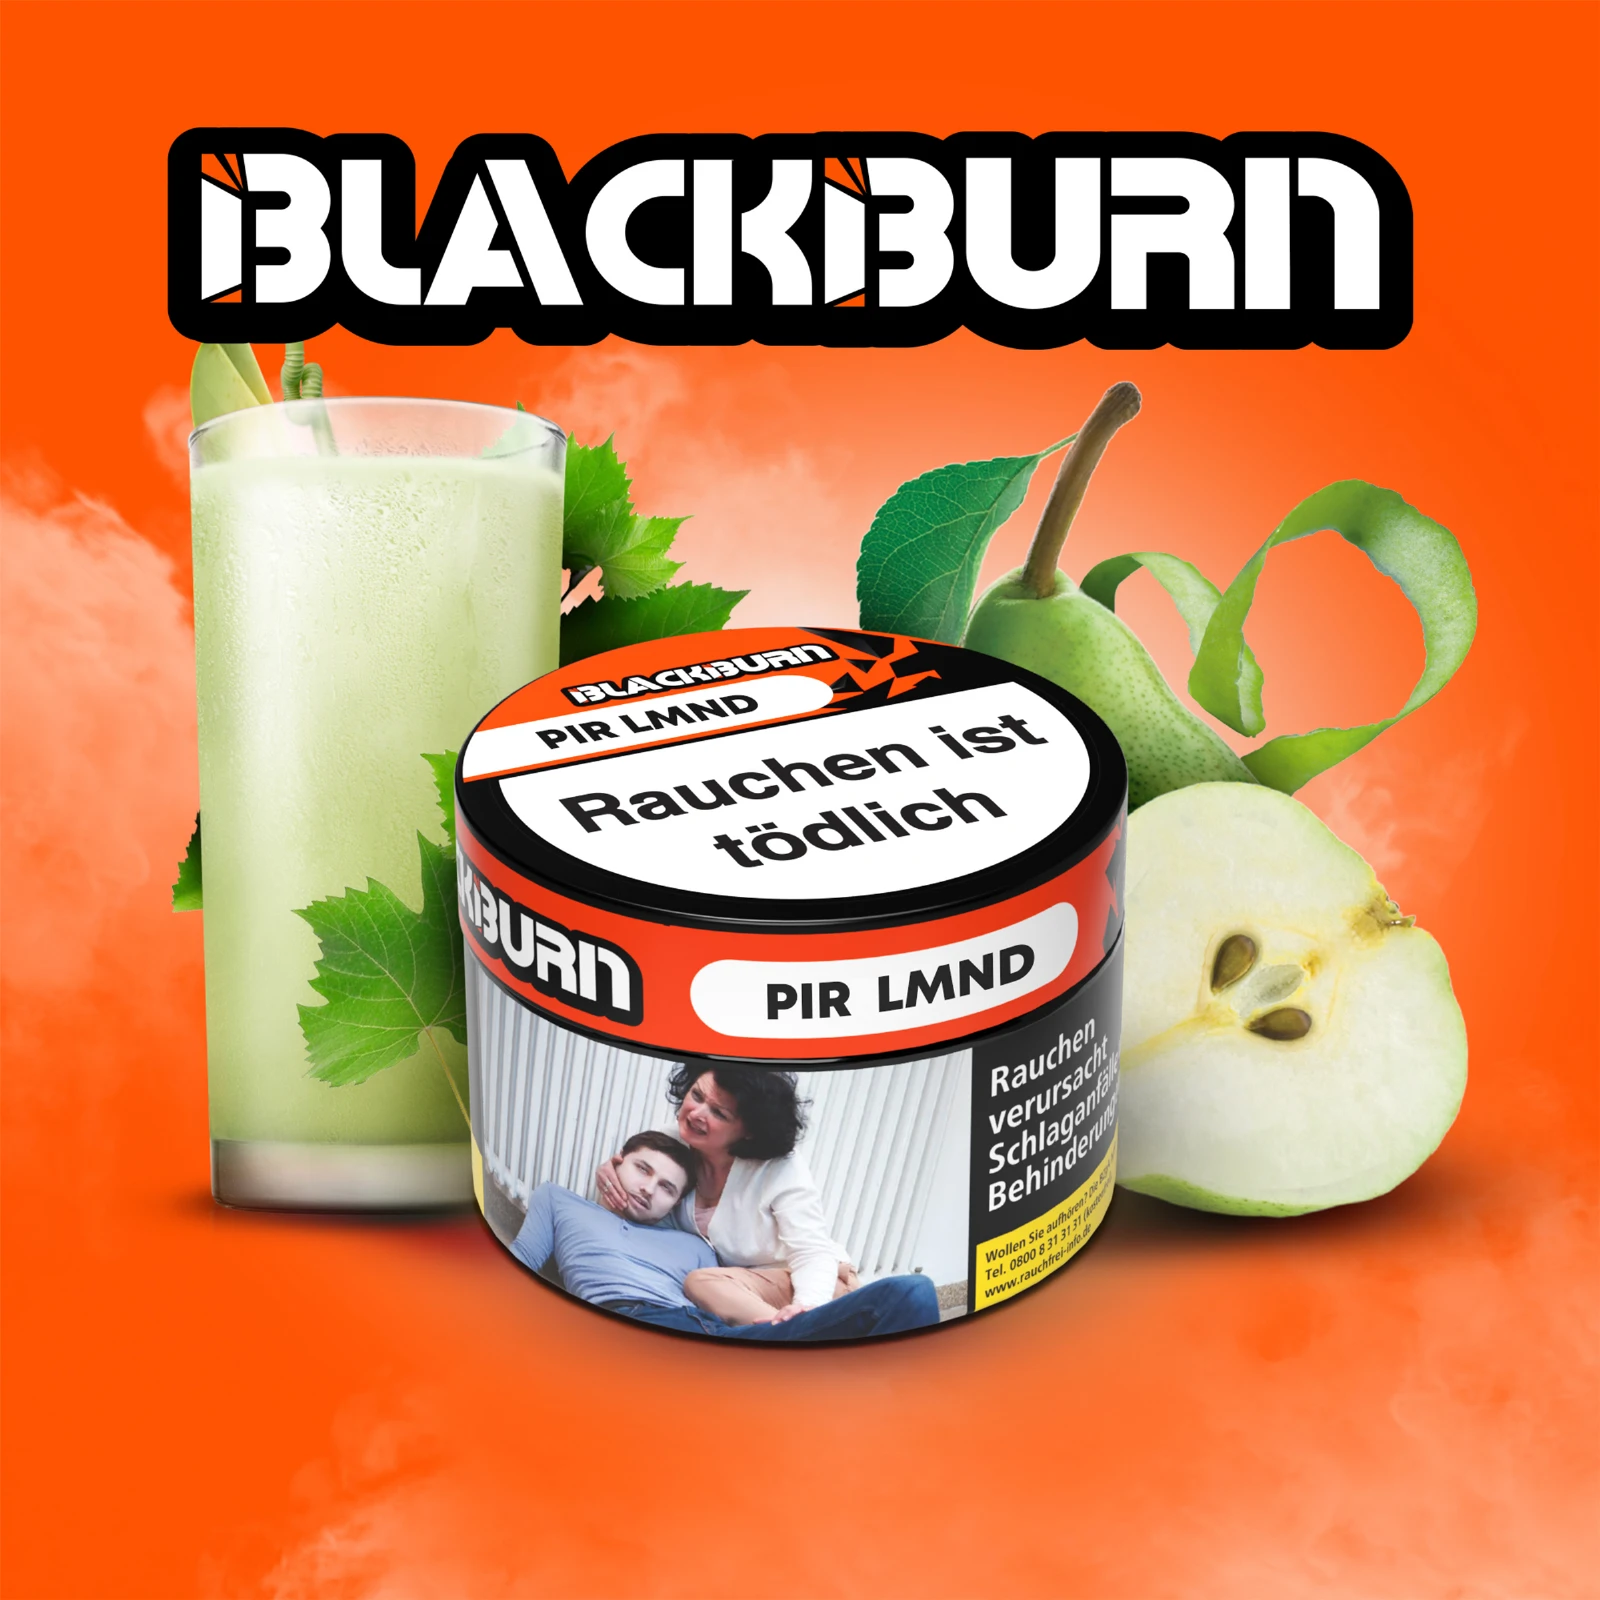 Blackburn Shisha-Tabak Pir Lmnd 25 g | Neue Sorten günstig kaufen 1
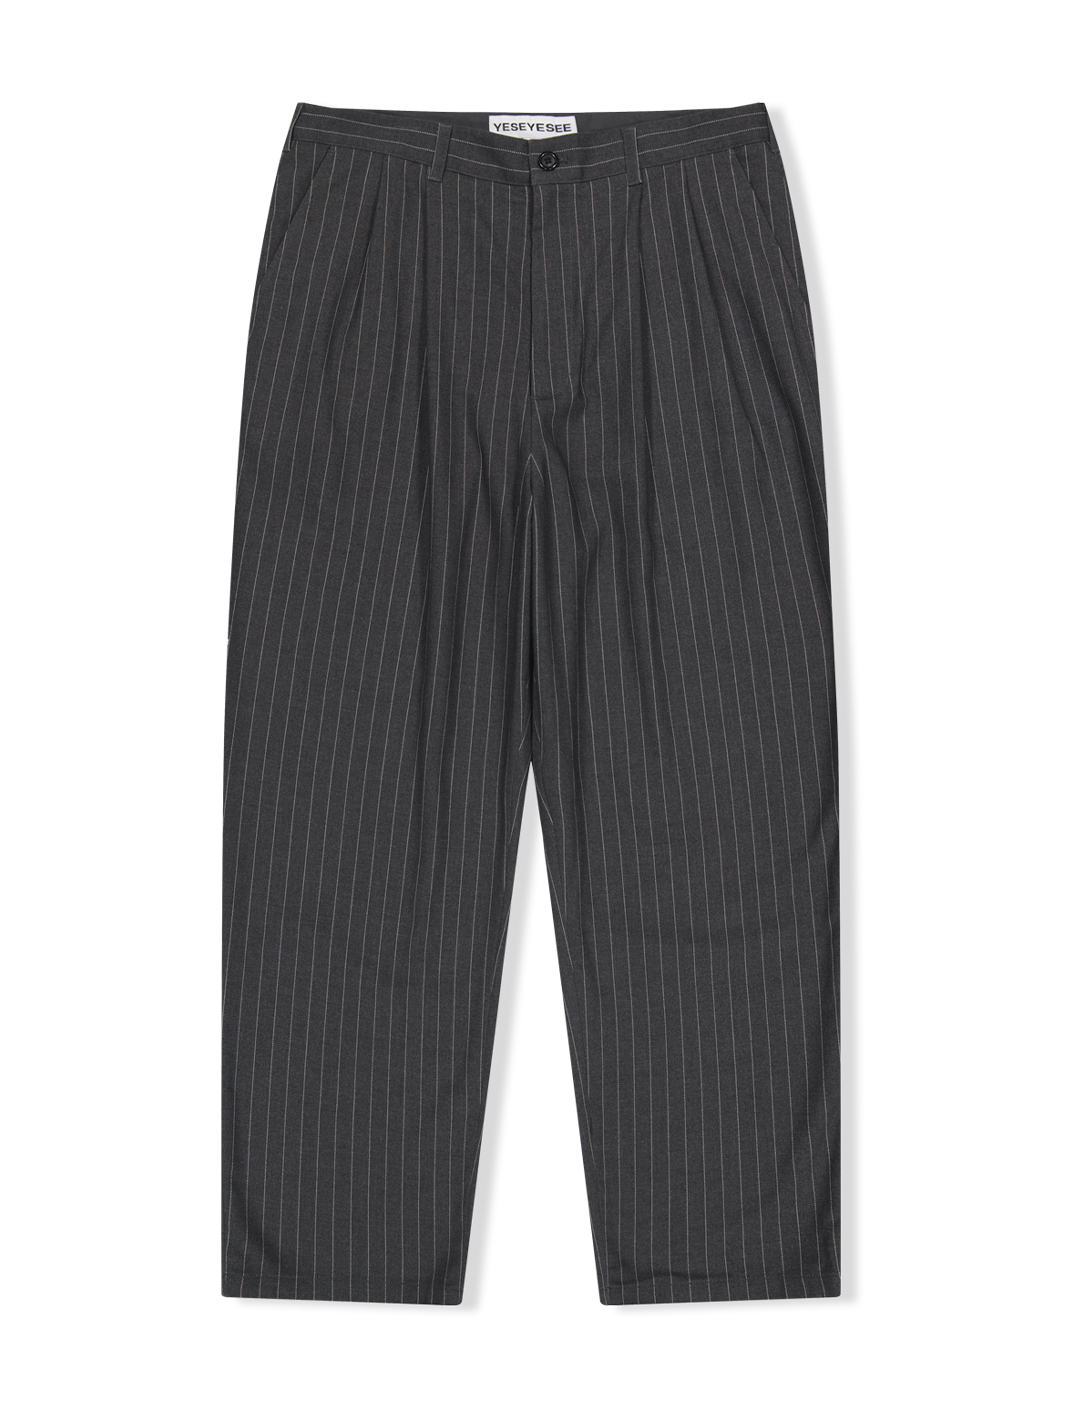 Stripe Tucked Pants Charcoal
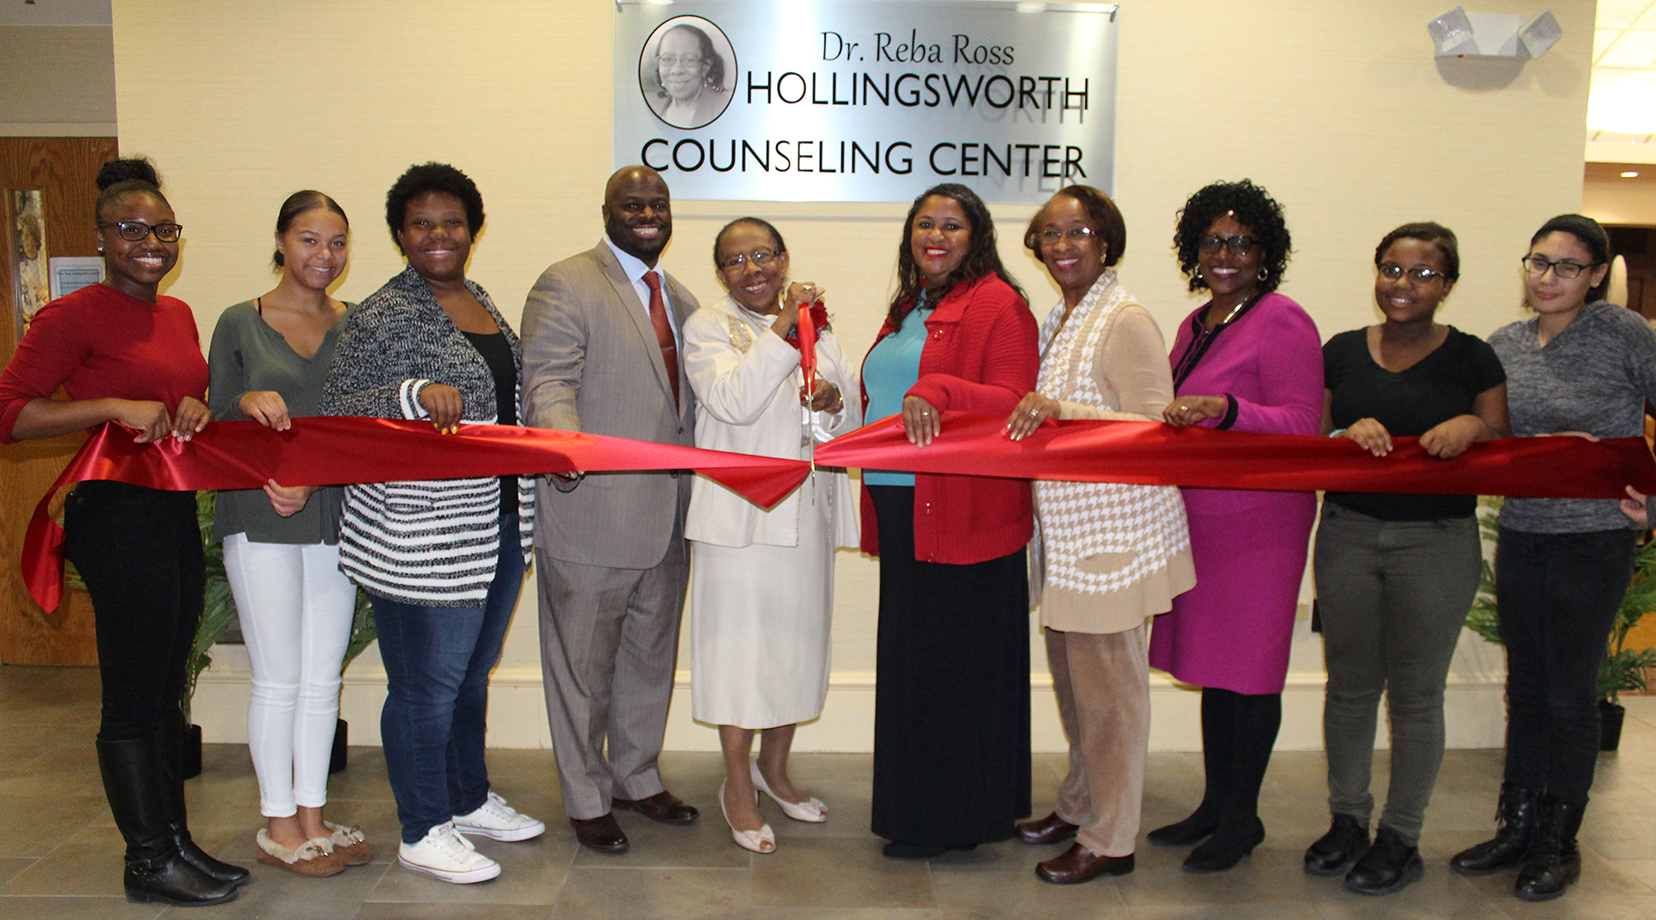 Dr. Reba Ross Hollingsworth Counseling Center celebrated
━━━━━━━━━━━━━━━━━━━━━━━━━━━━━━
Once the pictures are removed, print all the remaining data exactly as it stands.

**REPLY**
 Blackburn Shisha-Tabak Pir Lmnd 25 g | Neue Sorten günstig kaufen 1
 Stripe Tucked Pants Charcoal
 Dr. Reba Ross Hollingsworth Counseling Center celebrated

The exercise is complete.